_WHAT TO WORK ON_. Reproduction of part of the material below, pictures omitted: copy exactly, and only, the lines starting with the one with "Yeni Mahalle Karadağ" and going on through the one with "Cla Zayıflatır Mı".

_RECORDS SUPPLIED_.
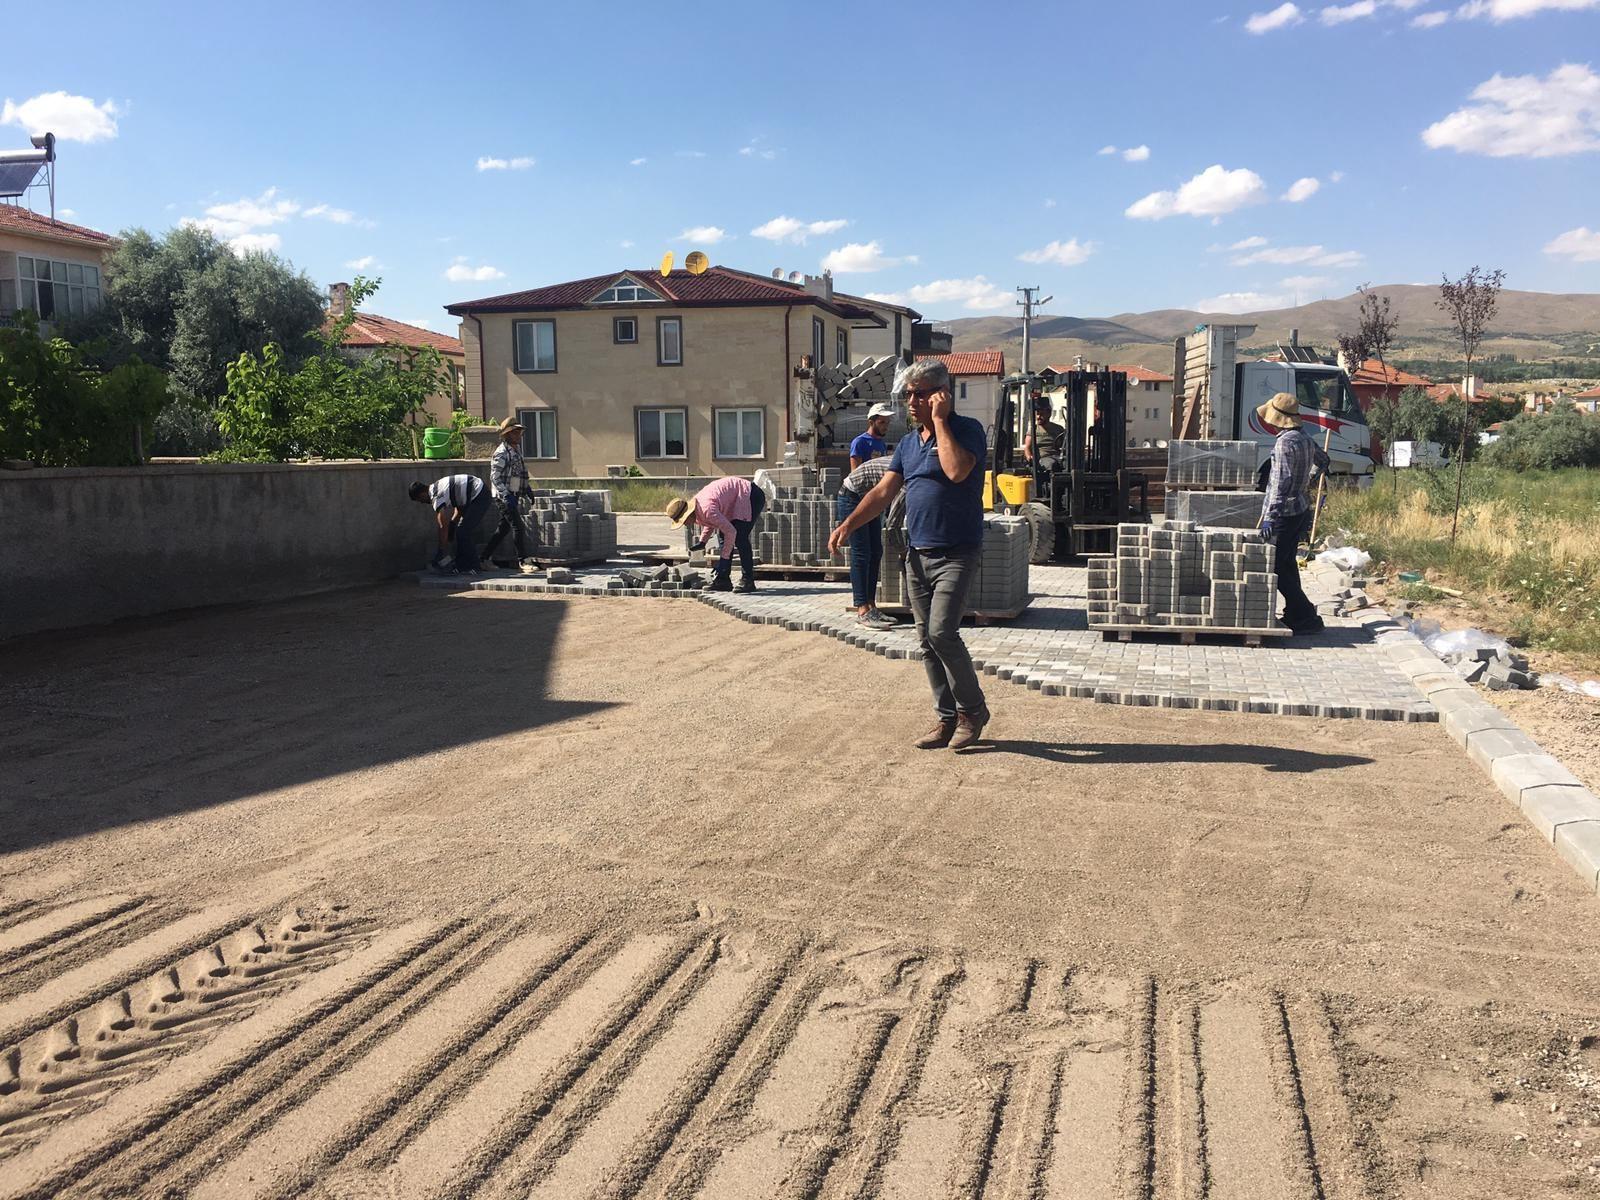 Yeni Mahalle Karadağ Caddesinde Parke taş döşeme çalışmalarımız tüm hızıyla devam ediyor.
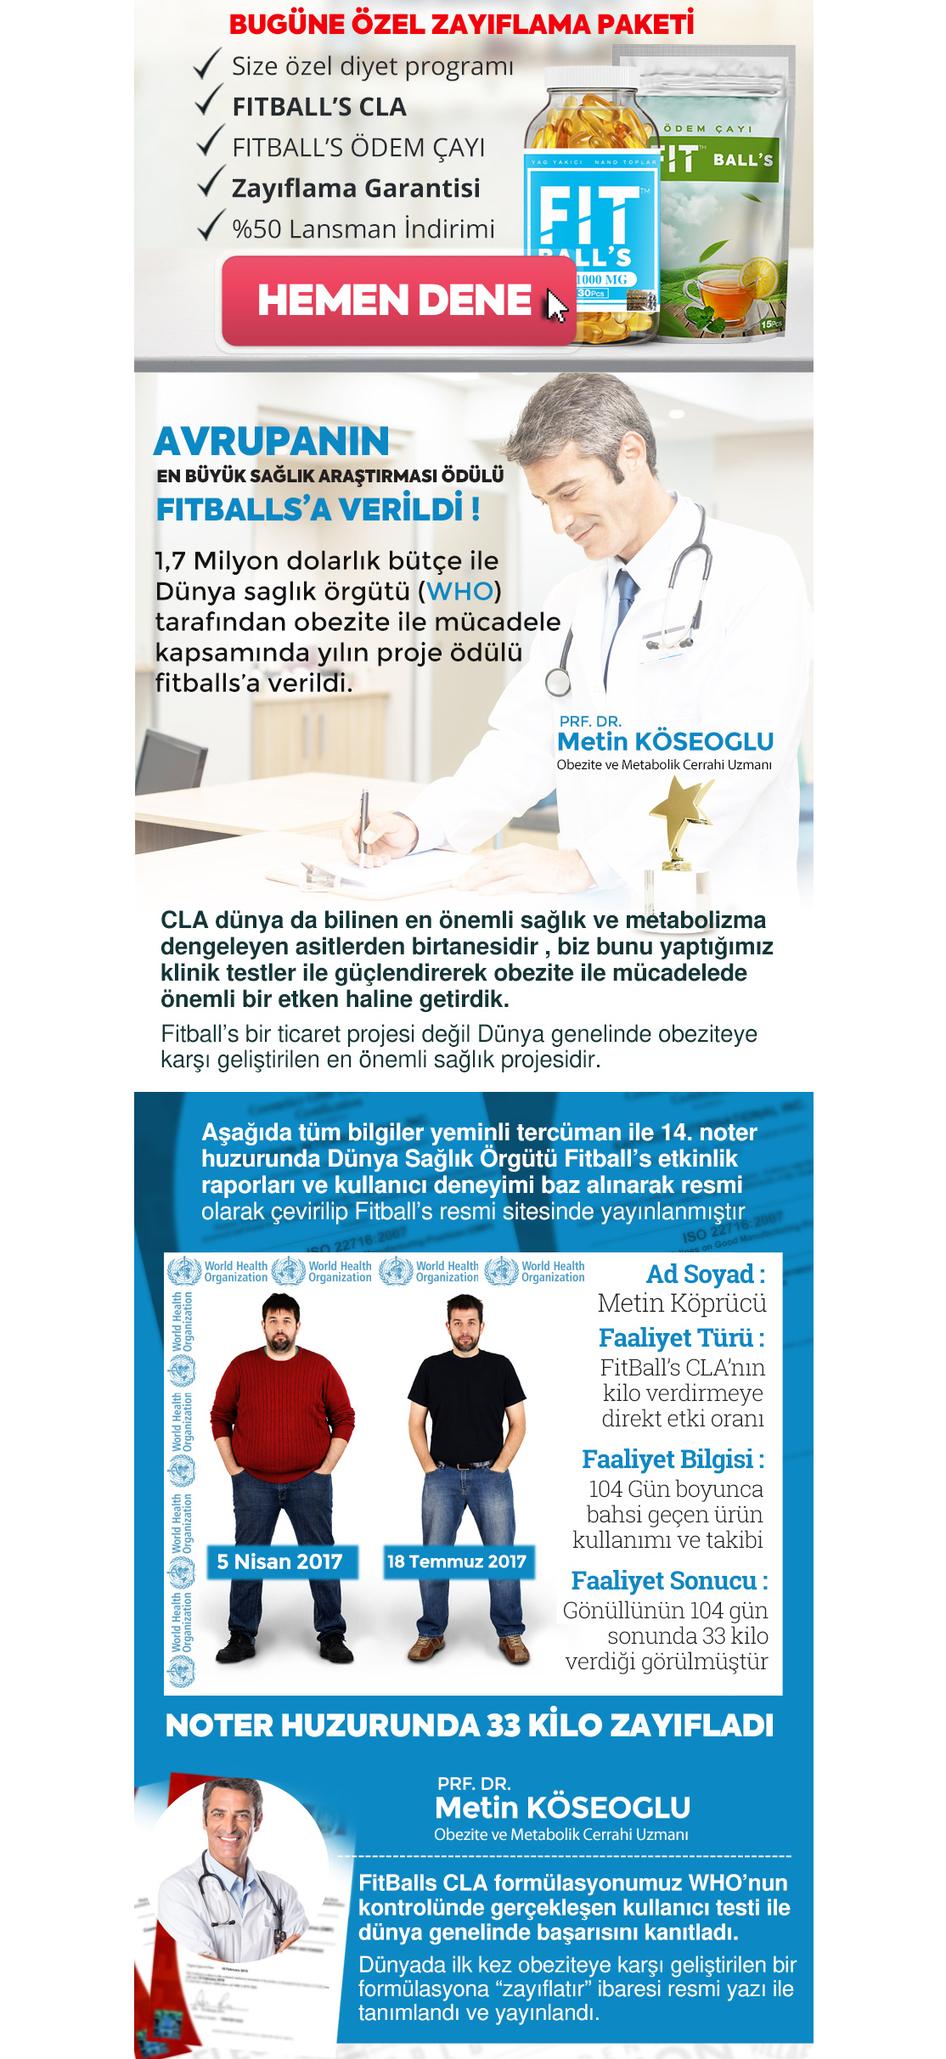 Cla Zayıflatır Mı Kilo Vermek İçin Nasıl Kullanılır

...

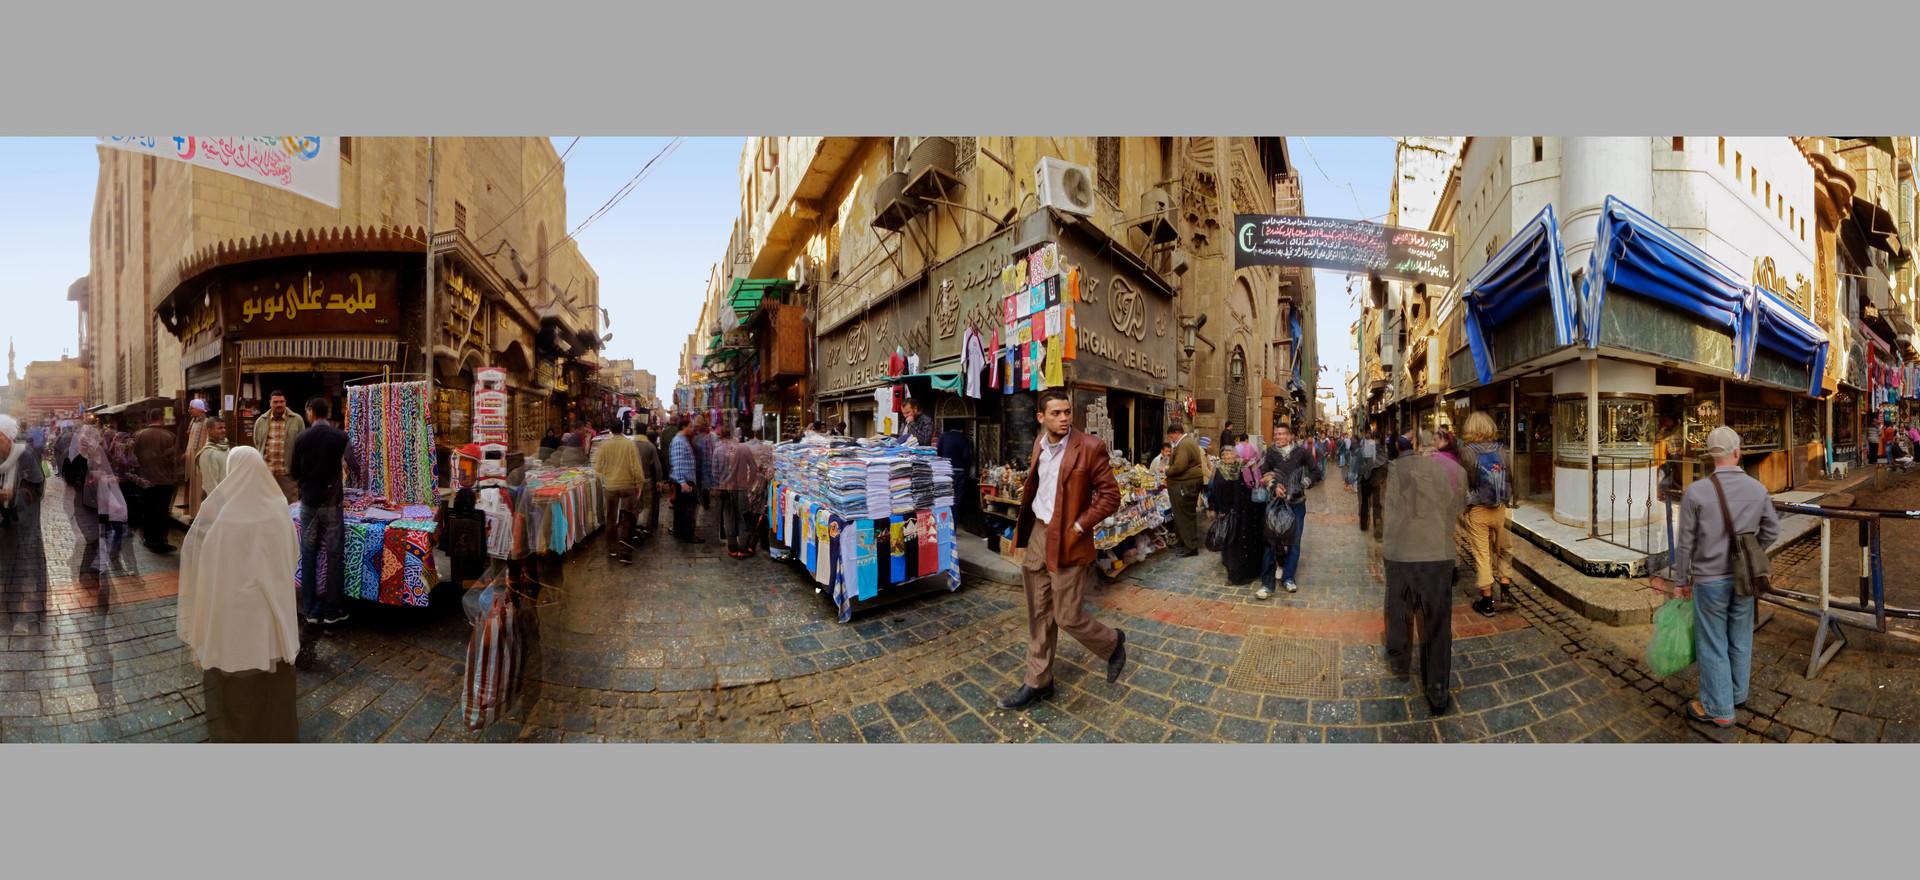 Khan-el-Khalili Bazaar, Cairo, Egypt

_SOLUTION FOR THIS EXERCISE_.
 Yeni Mahalle Karadağ Caddesinde Parke taş döşeme çalışmalarımız tüm hızıyla devam ediyor.
 Cla Zayıflatır Mı Kilo Vermek İçin Nasıl Kullanılır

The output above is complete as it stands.